The contemporary arts centre lost £750,000 worth of annual funding and its status as an ACE National Portfolio Organisation when the current selection was announced in 2017, leading to speculation it would close or merge with another local organisation.

Instead, it became an independent charity incorporated under the University of the West of England (UWE) Bristol in January to improve its financial position and attractiveness to ACE.

ACE’s Area Director for the South West, Phil Gibby, said the new funding is “thanks to the hard work and expert leadership” of the institution over the past 18 months.
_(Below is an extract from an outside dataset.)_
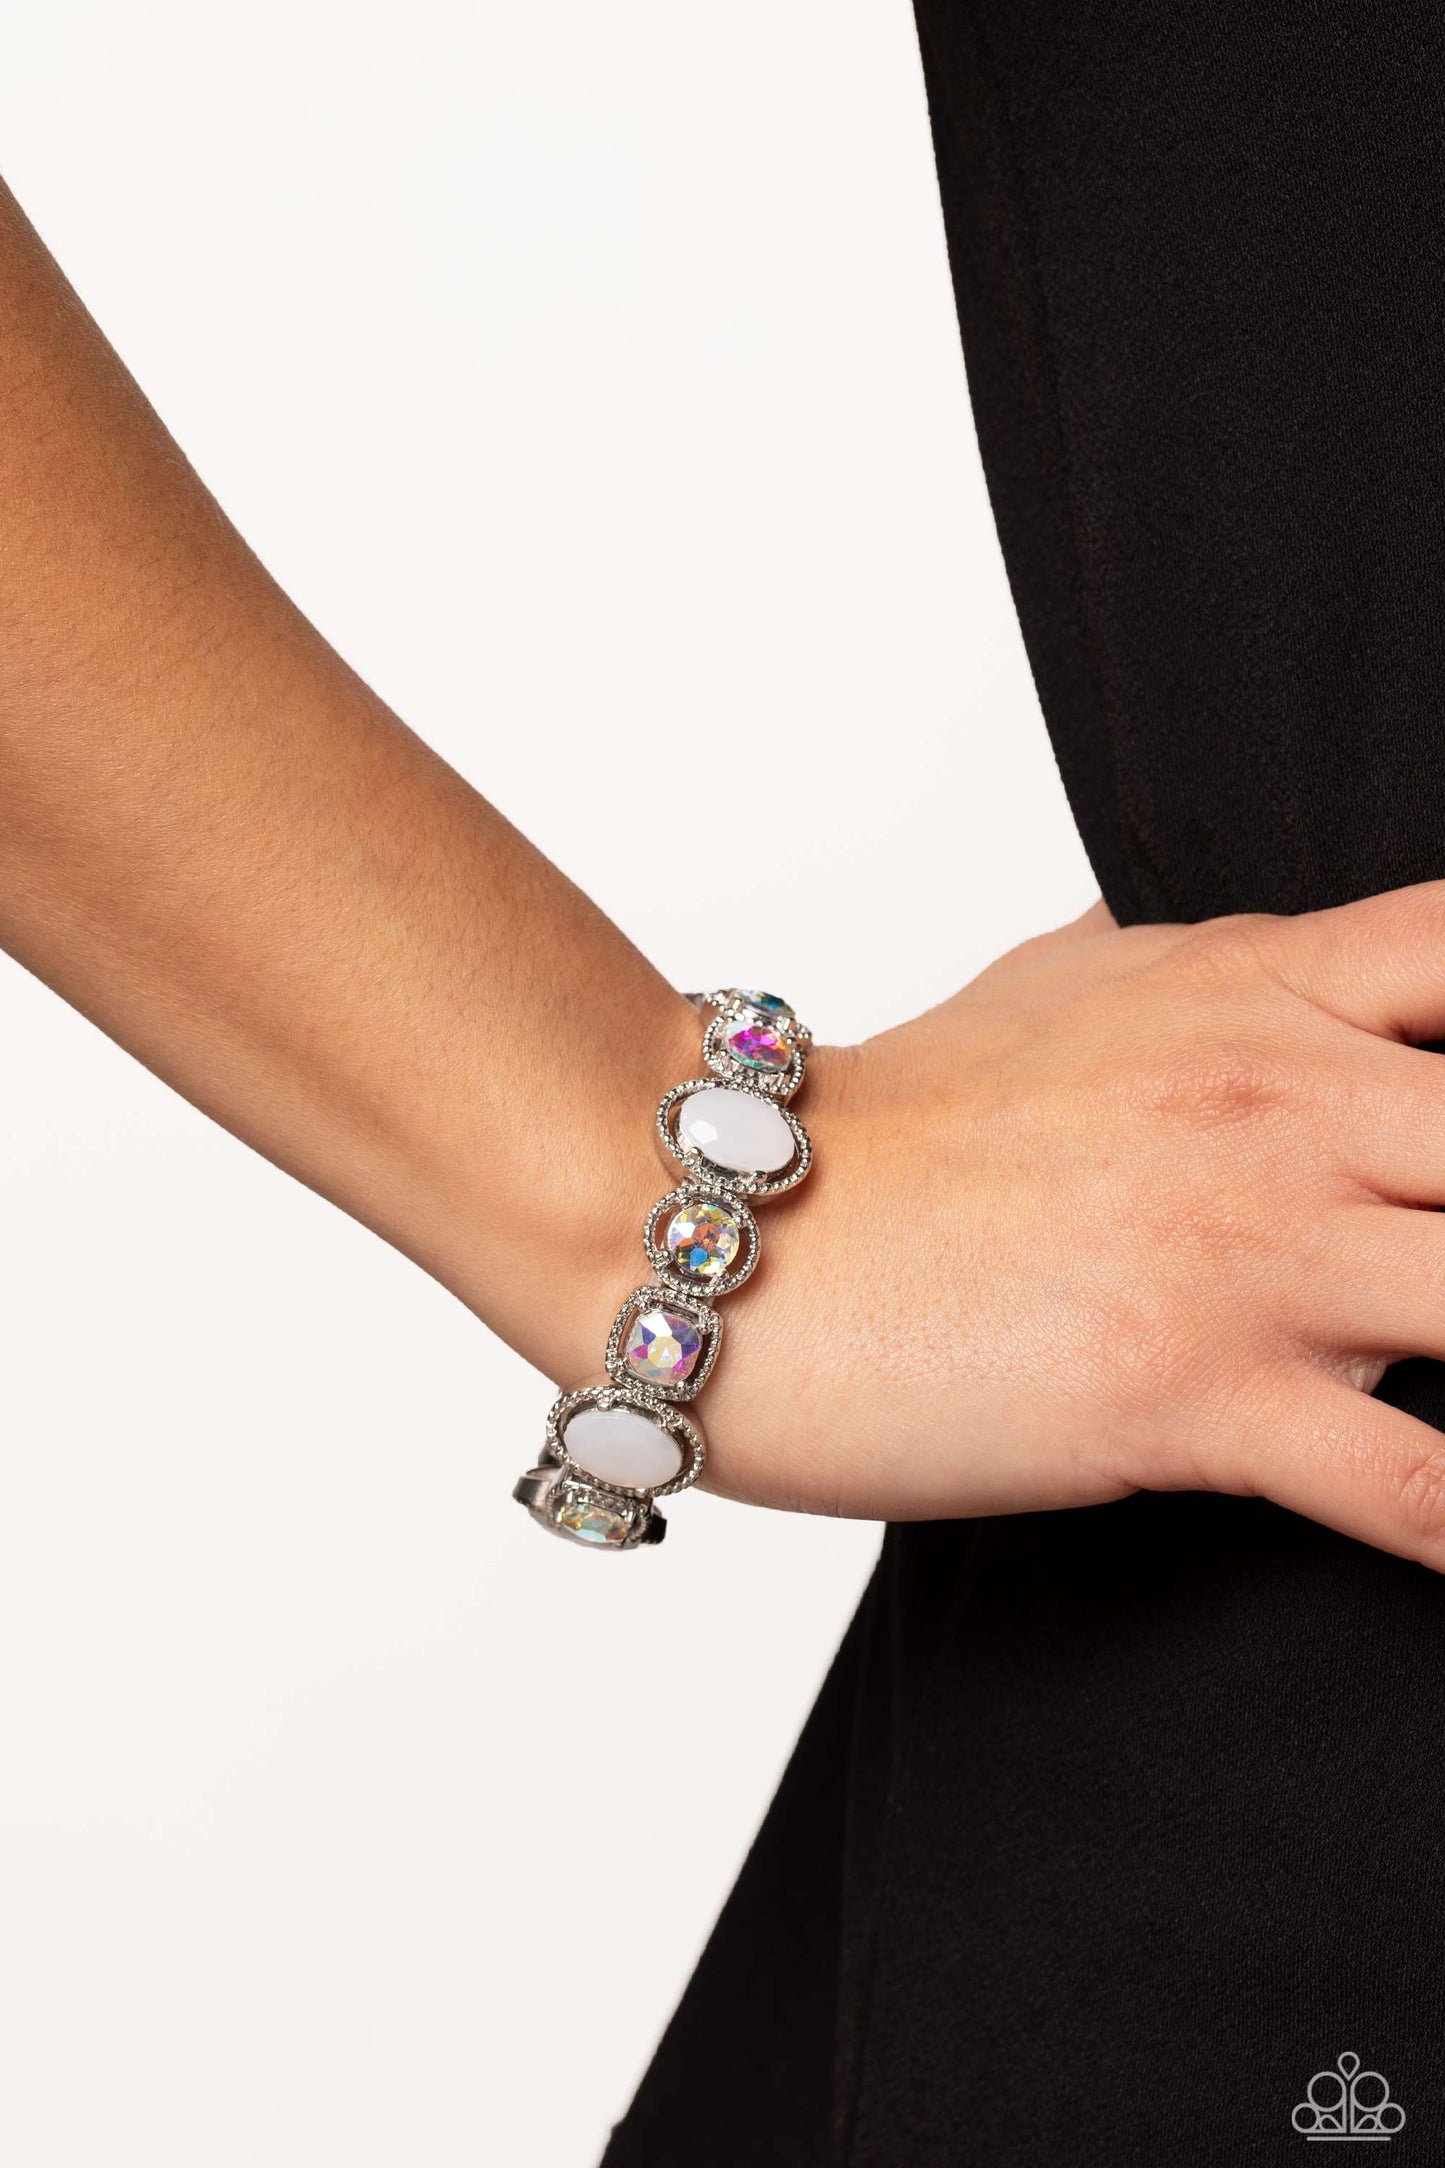 Paparazzi Accessories Fashion Fairy Tale - White Pressed in the center of pronged and studded thick silver oval, circular, and square frames, iridescent gems and milky white beads alternate around the wrist on elastic stretchy bands for a refined, geometr

He credited this with bringing about a “fundamental change” in Arnolfini’s governance and management.

“We very much welcome this new period and look forward to seeing how the Arnolfini and UWE partnership develops over the next two and a half years to bring communities together in Bristol, make people proud of the city where they work and live, as well as adding to the economy by encouraging more visitors to the region to see work of international renown.”

‘A new context’

UWE Bristol Vice-Chancellor Steve West said Arnolfini is at a critical juncture, where it must capitalise on its momentum and history to “increase its vital position in the creative and cultural landscape of Bristol, as well as nationally and internationally”.

Arnolfini Interim Director Gary Topp added: “We have created a new context in which to make an important contribution to the cultural life of Bristol and the region, and it is a privilege to lead the organisation and work with a committed team to achieve this.”

ACE’s £1.8m commitment will also support a “bold” 2020 programme, which includes visual art, dance, music, live performance and digital works.

Saving Bristol’s visual arts

ACE committed to strengthening the city’s visual arts in April 2018 after a report it had commissioned said its decline “threatens to become more severe” without intervention.

The review said Bristol offered “less than the sum of its parts” and that ongoing funding cuts meant it did not have the “level of sustained activity of international quality that a city with this density of artists and this intensity of audience should enjoy”.

“If the downward spiral in public investment for the visual arts in Bristol continues over the next decade, then a sustainable step-change becomes a very challenging proposition,” it said.

Future funding

In its response to the report, ACE identified three priorities for developing visual arts in Bristol: an internationally significant exhibitions programme, creating a collaborative commissioning programme, and more professional development and workspaces for local artists.

ACE initially ringfenced £3.34m to reinvigorate the city’s visual arts in Bristol by 2022. When asked what will happen with the remaining £1.54m, a statement from a spokesperson suggested it will be put towards a commissioning programme, saying: “we hope to have more news on this and further details on how the budget will be spent by the end of the year.”

The funder added that a lack of workspaces remains a “serious issue” in Bristol that it is trying to solve.